Please output the listing exactly as it stands, but omit any images.

> Data segment
---------------

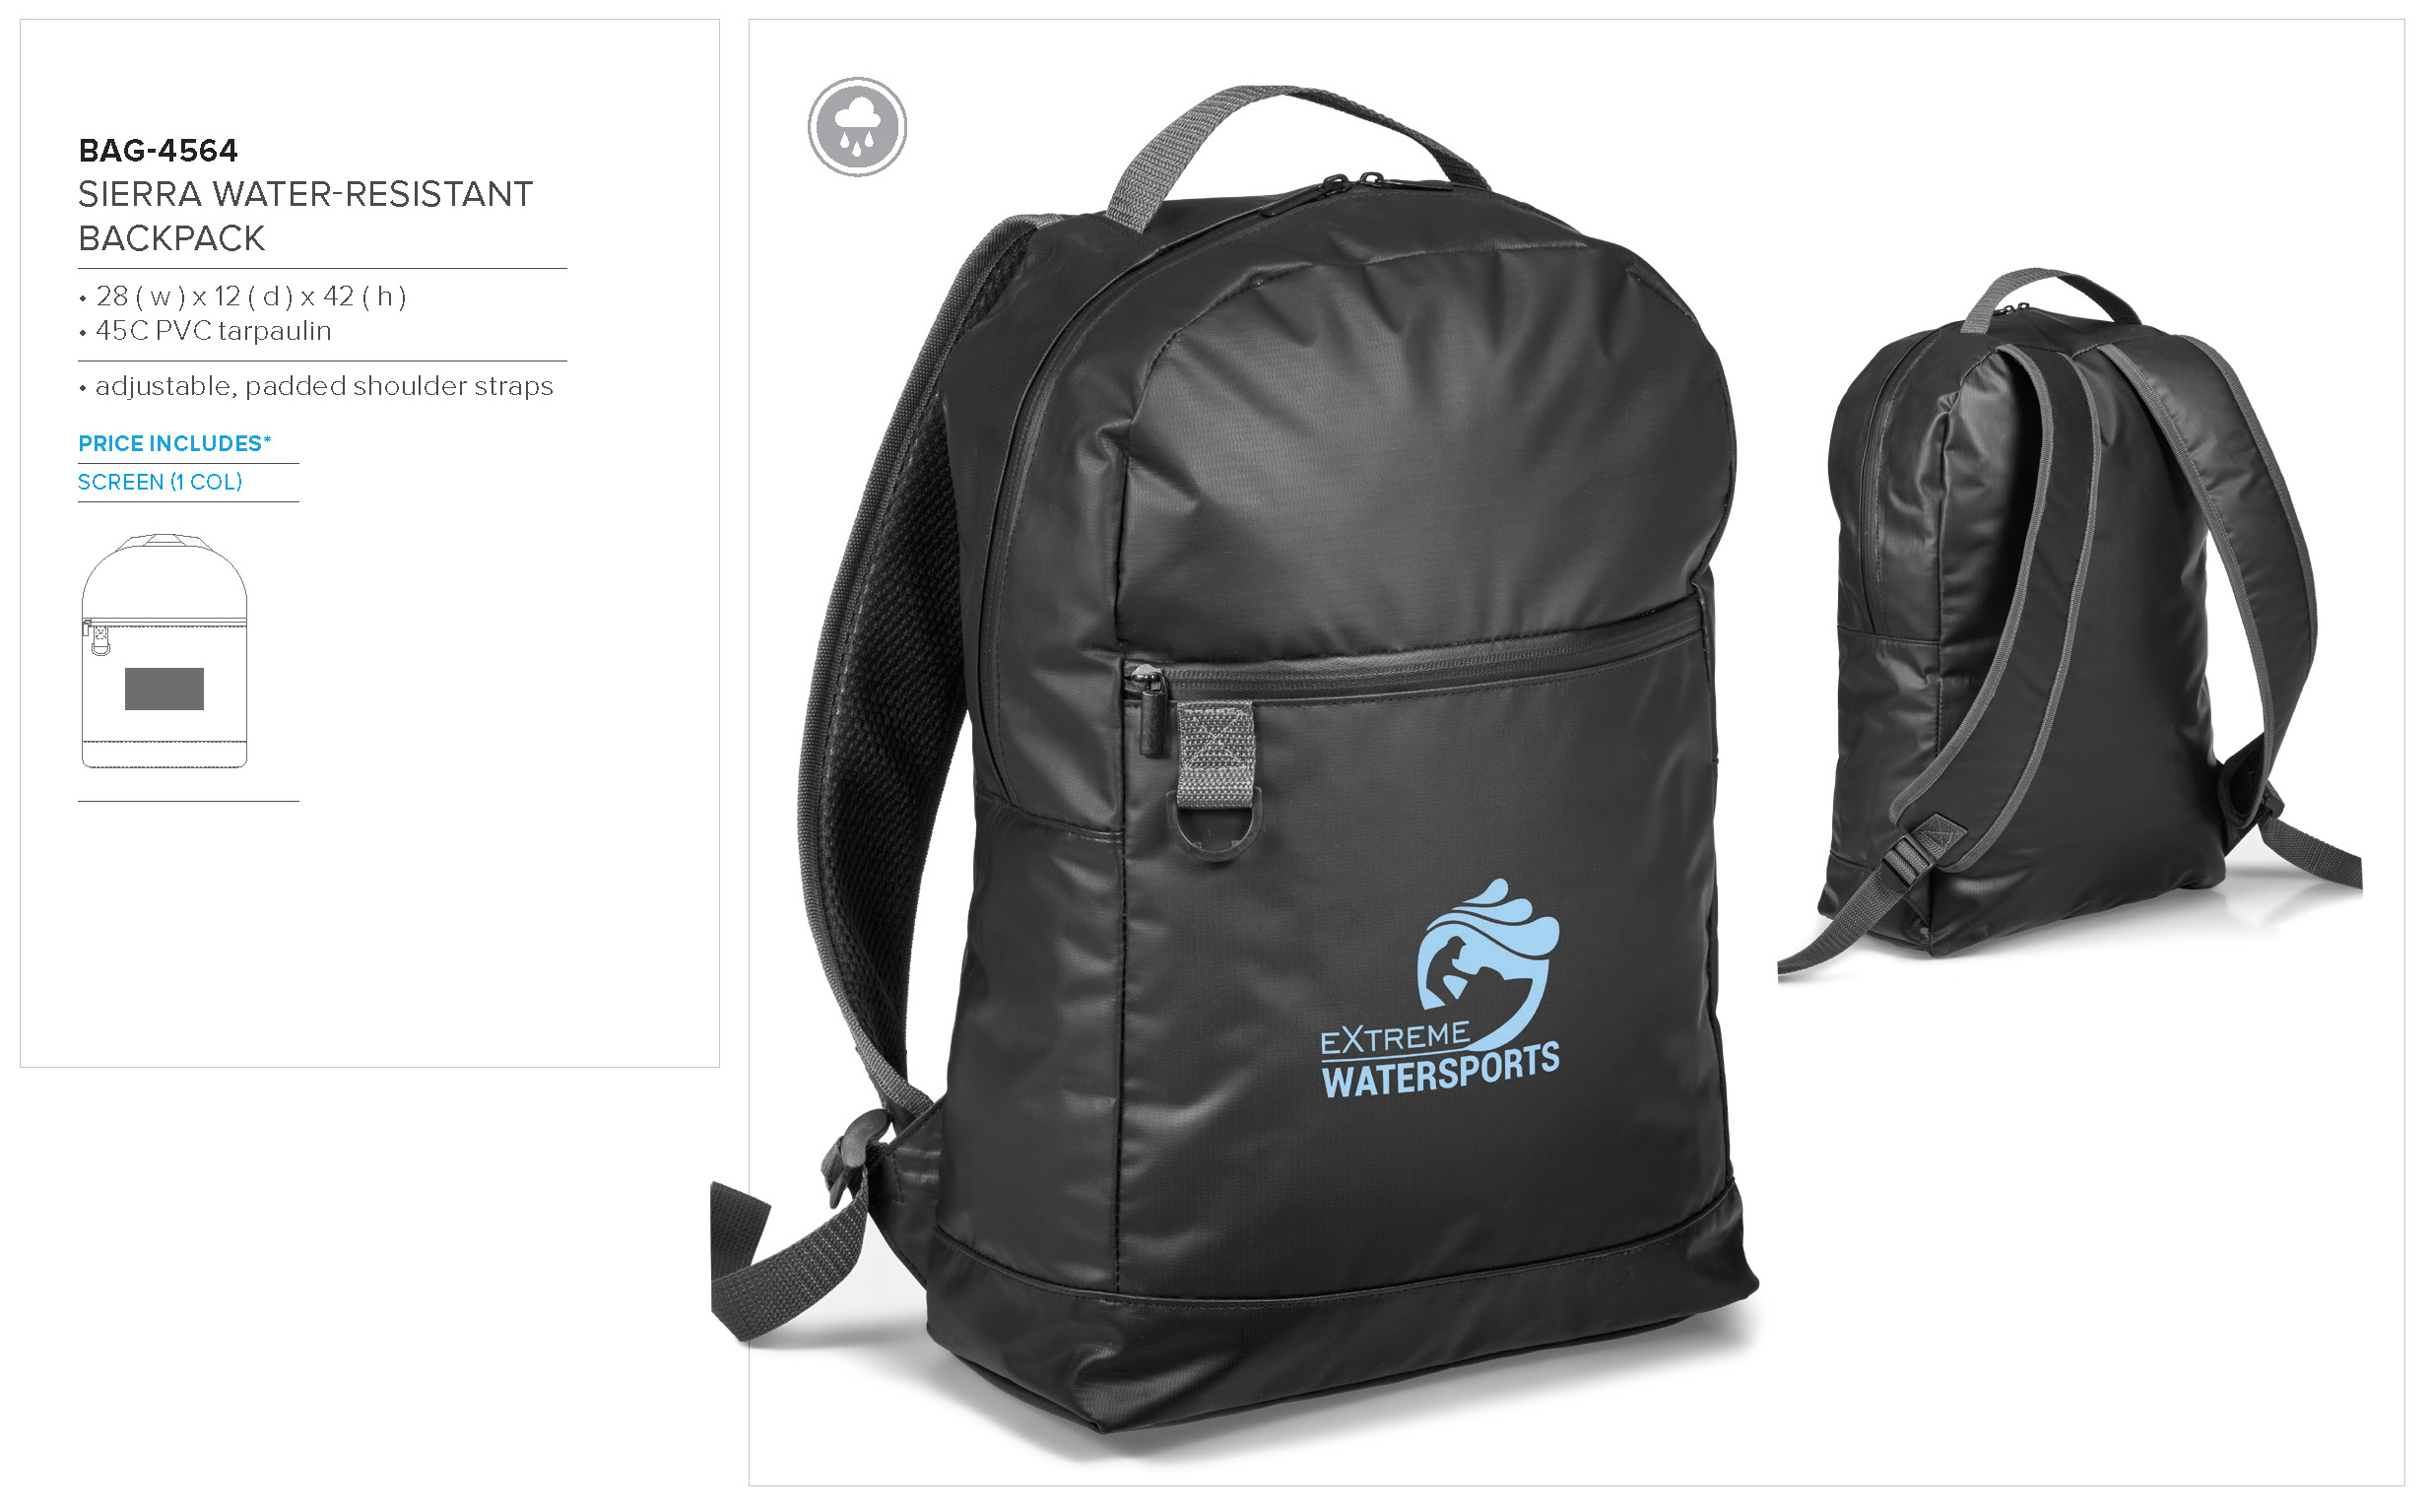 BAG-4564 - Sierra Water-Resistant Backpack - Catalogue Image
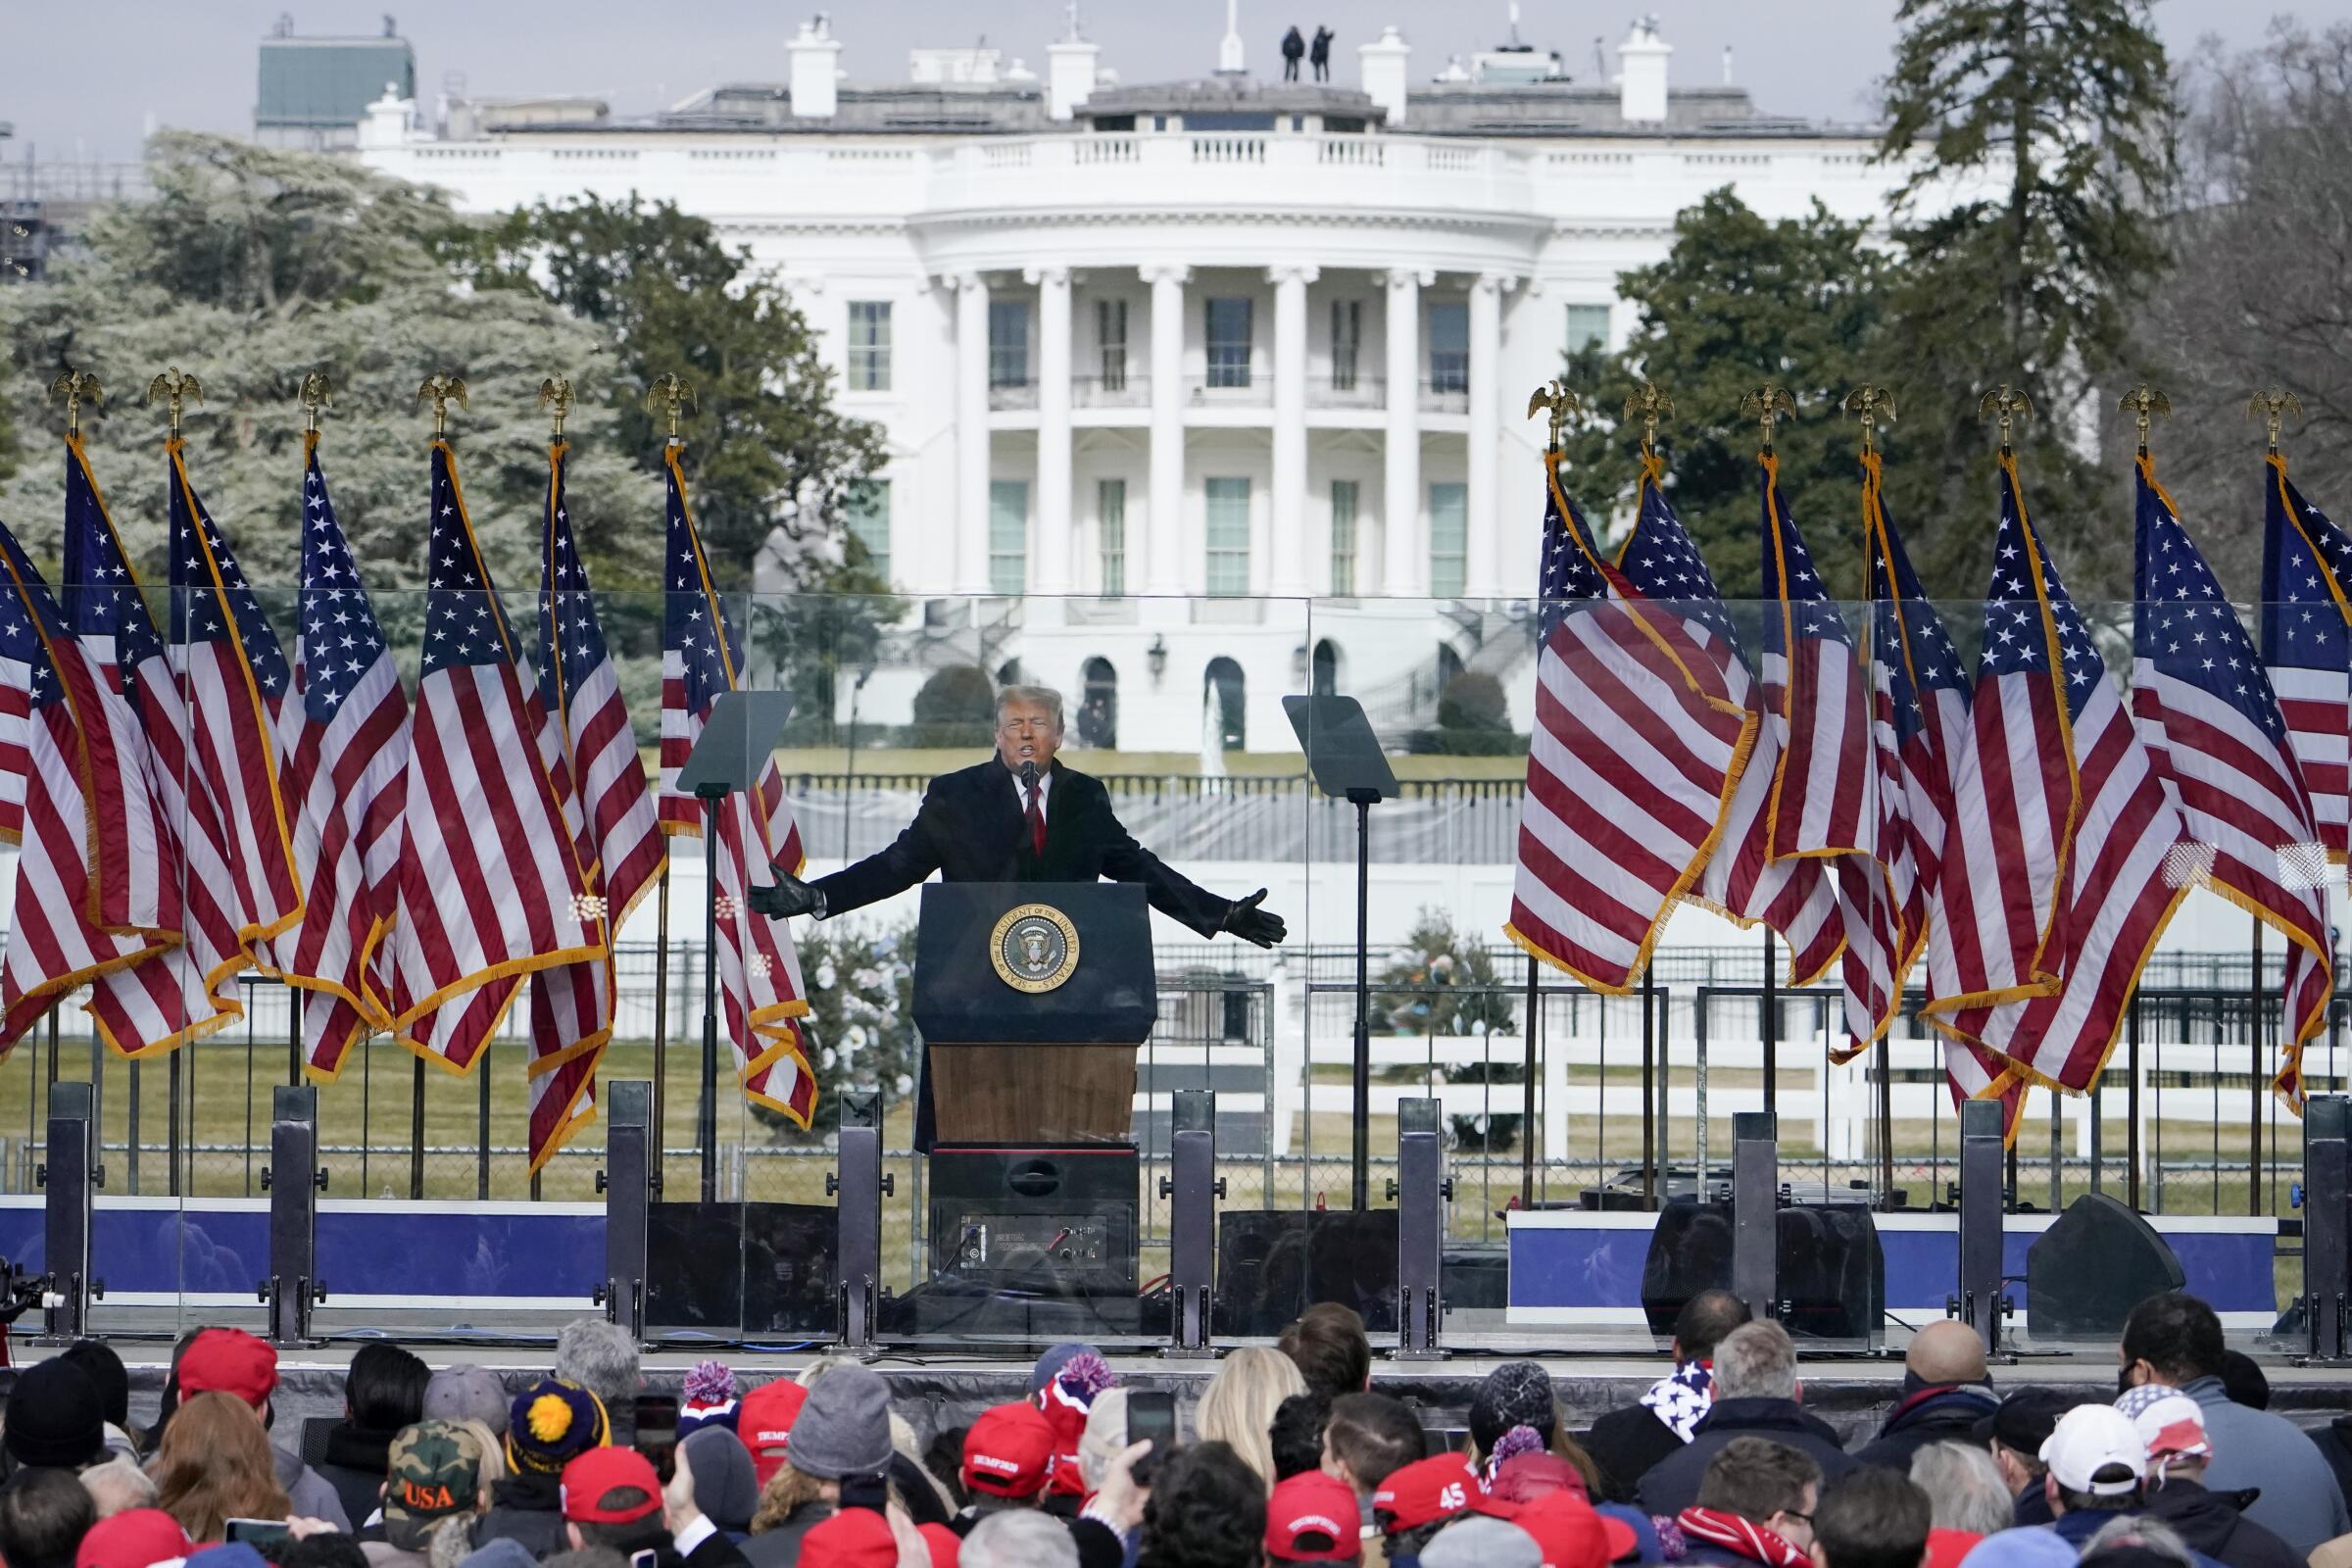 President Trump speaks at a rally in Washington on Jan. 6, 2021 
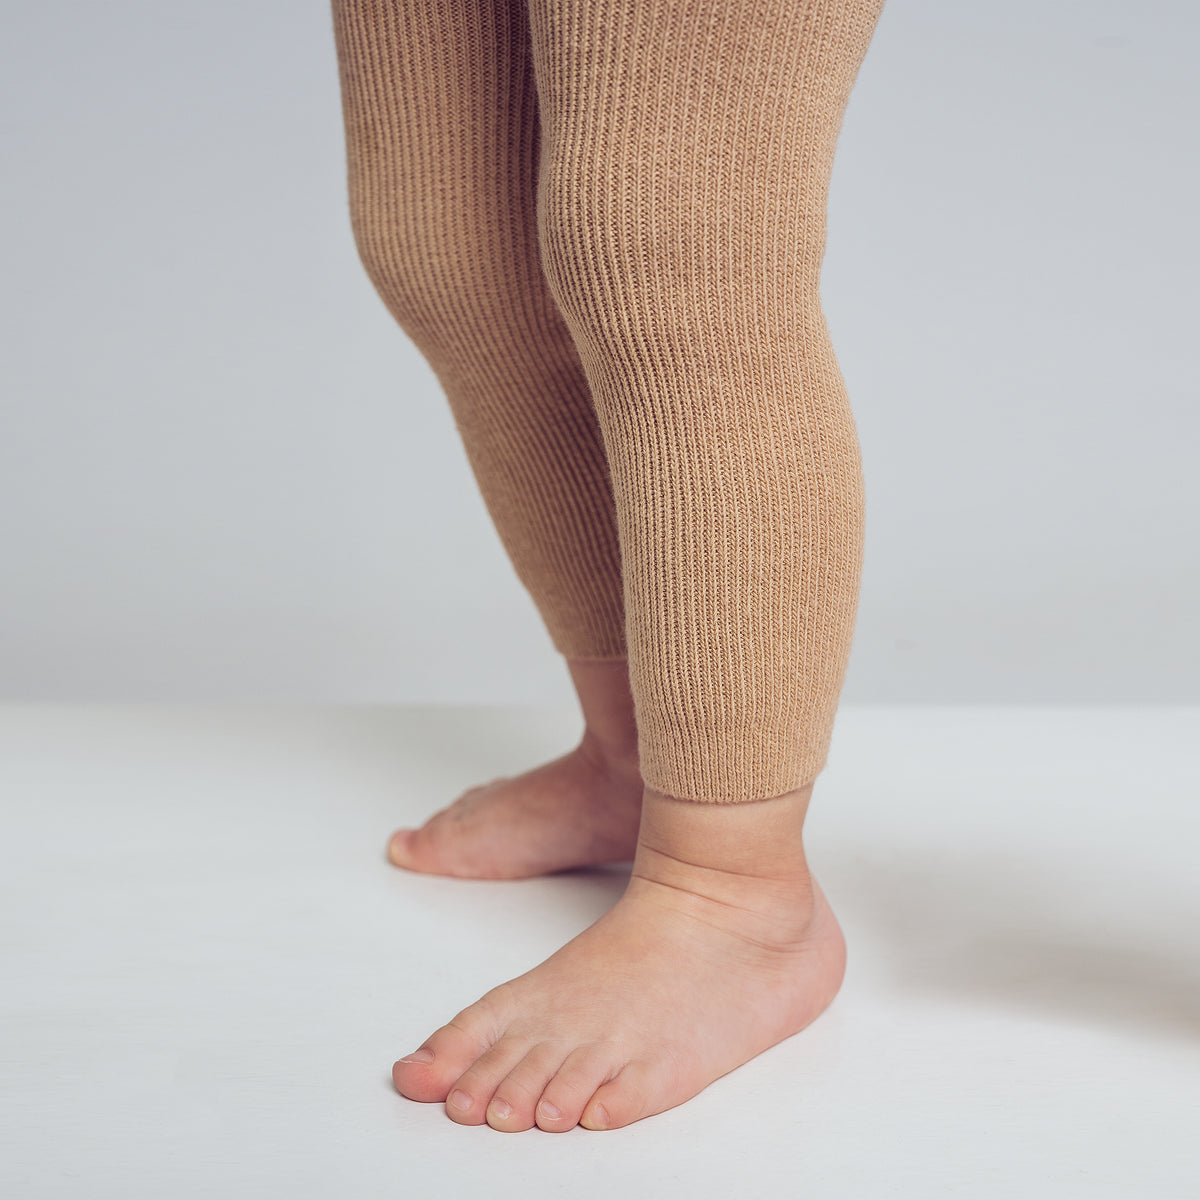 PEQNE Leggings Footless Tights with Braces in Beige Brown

---------------

> Answer box
 BAG-4564 - Sierra Water-Resistant Backpack - Catalogue Image
 President Trump speaks at a rally in Washington on Jan. 6, 2021 
 PEQNE Leggings Footless Tights with Braces in Beige Brown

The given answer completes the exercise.